Another quality that makes discovery of duplication easier is similitude. If two pieces of code look very similar, then their duplicity is more likely to be noticed than if the two pieces of code don’t look the same. You might call this the similitude factor.
If the proximity factor is bad (the pieces of duplicated code are at a great distance from each other) and/or if the similitude factor is bad (the duplication is obscured by the pieces of duplicated code not being similar enough to appear obviously duplicative) then it means the duplication is riskier.
Some instances of duplication are easier to live with than others. Two short lines of very similar code, located right next to each other, are very easy to keep in sync with one another. Other types of duplication are much more deeply baked into the system and can cause a much bigger headache.
For example, if a piece of duplication exists as part of the database schema, that’s a much higher maintenance cost than a short code duplication. Instances of duplication that are big and aren’t represented by identical code can also be costly to maintain because, in those cases, you can’t just type the same thing twice, you have to perform a potentially expensive translation step in your head.
Duplication is a type of “bad code”, and so principles that apply to bad code apply to duplication as well. One of these principles is that bad code in heavily-trafficked areas costs more than bad code in lightly-trafficked areas.
When considering how much a piece of bad code costs, it’s worth considering when that cost is incurred. When a piece of bad code incurs a cost, we might think of this as analogous to paying a toll on a toll road.
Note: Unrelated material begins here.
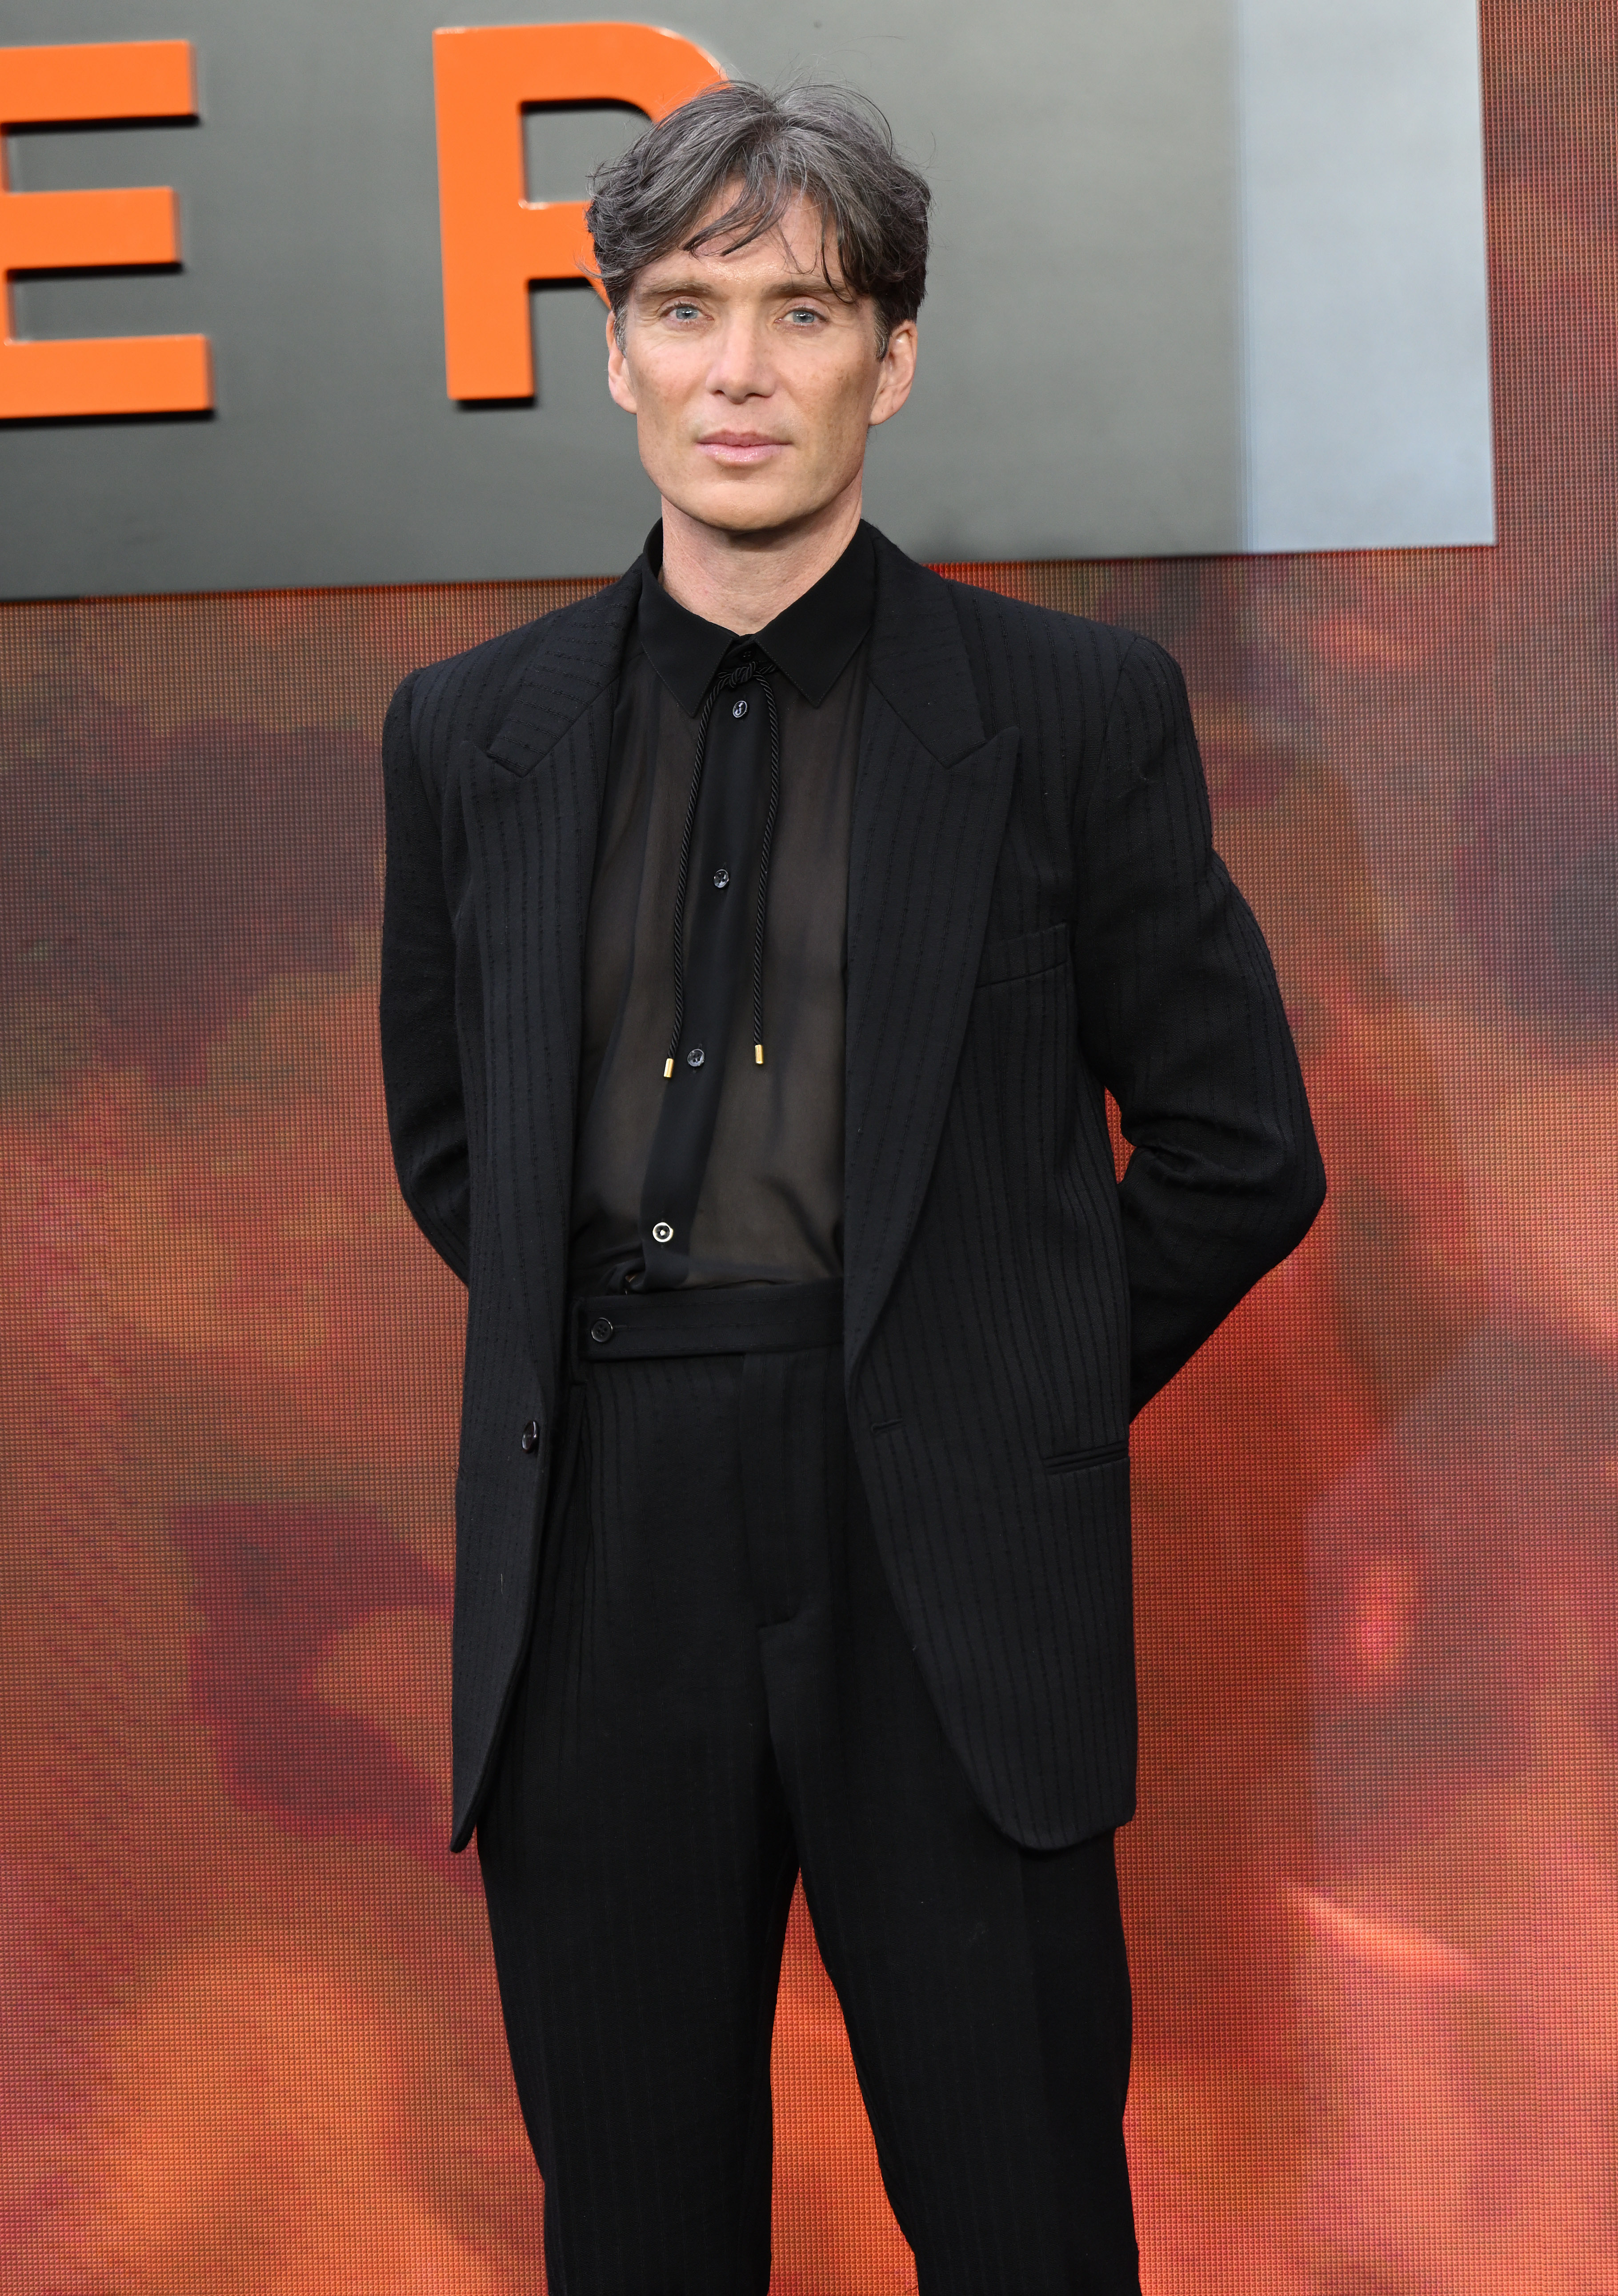 Cillian Murphy besucht die "Oppenheimer"-UK Premiere im Odeon Luxe Leicester Square in London, England, am 13. Juli 2023. | Quelle: Getty Images

One tollway is when a piece of code is changed. The more frequently the code is changed, the more of a toll it’s going to incur, and so the bigger a problem it is.
Another tollway is when a piece of code needs to be understood as a prerequisite to understanding a different piece of code. Every codebase has “leaf code” and “branch code”. If a piece of code is leaf code, as in nothing depends on it, then we can afford for that code to be pretty bad and it doesn’t matter. Branch code, on the other hand, gets heavy intellectual traffic, and so incurs a higher toll, and so is a bigger problem.
How to decide whether to DRY up a piece of code or to keep the duplication
The way to decide whether or not to DRY up a piece of duplication is pretty simple, although it’s not easy. There are two factors to consider.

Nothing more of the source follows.